Hay labores de labores. Si te gusta lo que
haces, requetebién, y si no, pues igual tienes que buscarte el pan. Desde que
tengo uso de razón me han fascinado las ocupaciones raras, esas que llevan
implícitas el enigma, la curiosidad, el raro mundo que supone llevar a cabo
trajines semejantes.
Cuando niño, como todo pequeñín que se
respete, quise ser bombero. Uno con todas las de la ley, distinto por donde lo
mires a esos que terminan el día jugando a las damas y acariciando a un dálmata
que bosteza echado en el salón. Pero como
en general suele ocurrir, tal anhelo duró poco. Luego, con la adolescencia
atragantada me dio por convertirme en mago: aparecer y desaparecer monedas, mujeres
en bikini, conejos en sombreros u objetos de cualquier pelaje hasta dar en el
blanco, embolsillarme el mapa del tesoro, no otro que manipular situaciones a
placer y conquistar chicas al chasquido de los dedos. Resultó un fracaso como
ningún otro, lo confieso con vergüenza pero también con dignidad. Pasó el
tiempo y fui pisando tierra, aceptando los consejos de la abuela, por lo que
terminé matriculado en la Facultad de Ingeniería, a todas luces profesión monda
y lironda sin un ápice de romanticismo laboral, qué diablos podía hacer. (El
desenlace de esta última parte lo dejamos para otro momento).
Pero la profesión total, el oficio
indiscutible entre los merecedores de tales adjetivos, sin duda era el de
relojero. Jamás opté por dedicarme a ello debido a que conozco de sobra mis
limitaciones (miope y de pulso temblereque, sólo por mencionar dos), aunque la
verdad sea dicha, en ocasiones sueño que vivo entre minuteros, péndulos, antigüedades,
piezas de museo y un auténtico reloj cucú del Bosque Negro de Alemania, echando
a andar máquinas desvencijadas, desahuciadas por las telarañas, la desidia o el
maltrato.
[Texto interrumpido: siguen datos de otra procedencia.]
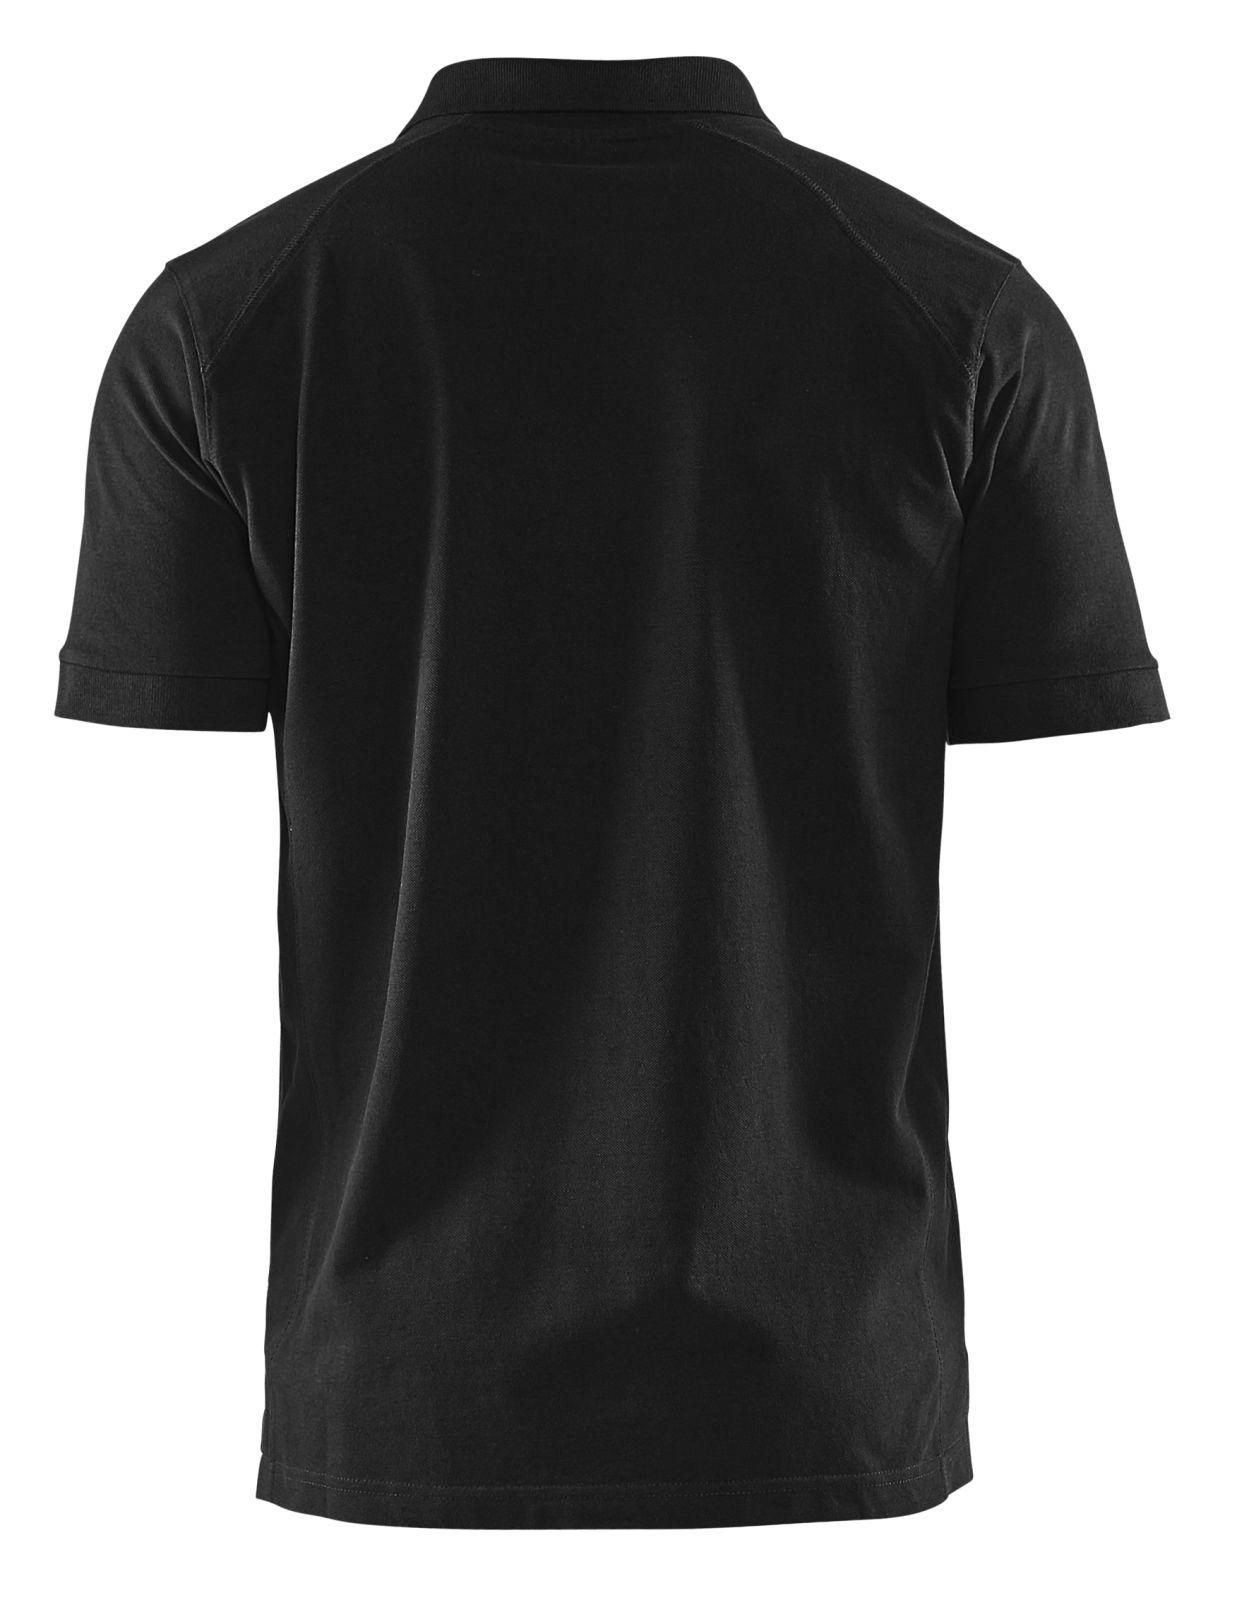 Blaklader Poloshirts 33241050 zwart(9900)

Antaño, hoy y siempre, qué duda puede haber, la relojería es la
alquimia perfecta, el oficio que arroja de cabeza por las cañerías la vieja consigna
del trabajo como maldición divina.
Un relojero es el vivo retrato de un
liliputiense. El universo incrustado en el taller de relojes tiene ese poder
embrujador que sólo vislumbré en la obra de un Swift. Una tuerca enana, un
engranaje diminuto, tornillos como granos de arena, asombra que el tiempo, ese señor estirable como un chicle, duerma en brazos de
artefactos tan encogidos, tan parecidos a una pulga, tan insignificantes.
Viéndolo bien, un reloj tendría que ser como las pirámides de Egipto, como el
Caballo de Troya, como las líneas de Nazca, como el Coloso de Rodas, pero
fíjese, el reino de Lilliput acabó siendo amo y señor de Cronos y toda su
parafernalia.
Con razón el relojero de mi pueblo era un
ser de noble aspecto, mínima estatura, rostro adusto y gesto intemporal. Todo cuadra,
ahora que lo pienso. Es que hay oficios entre oficios.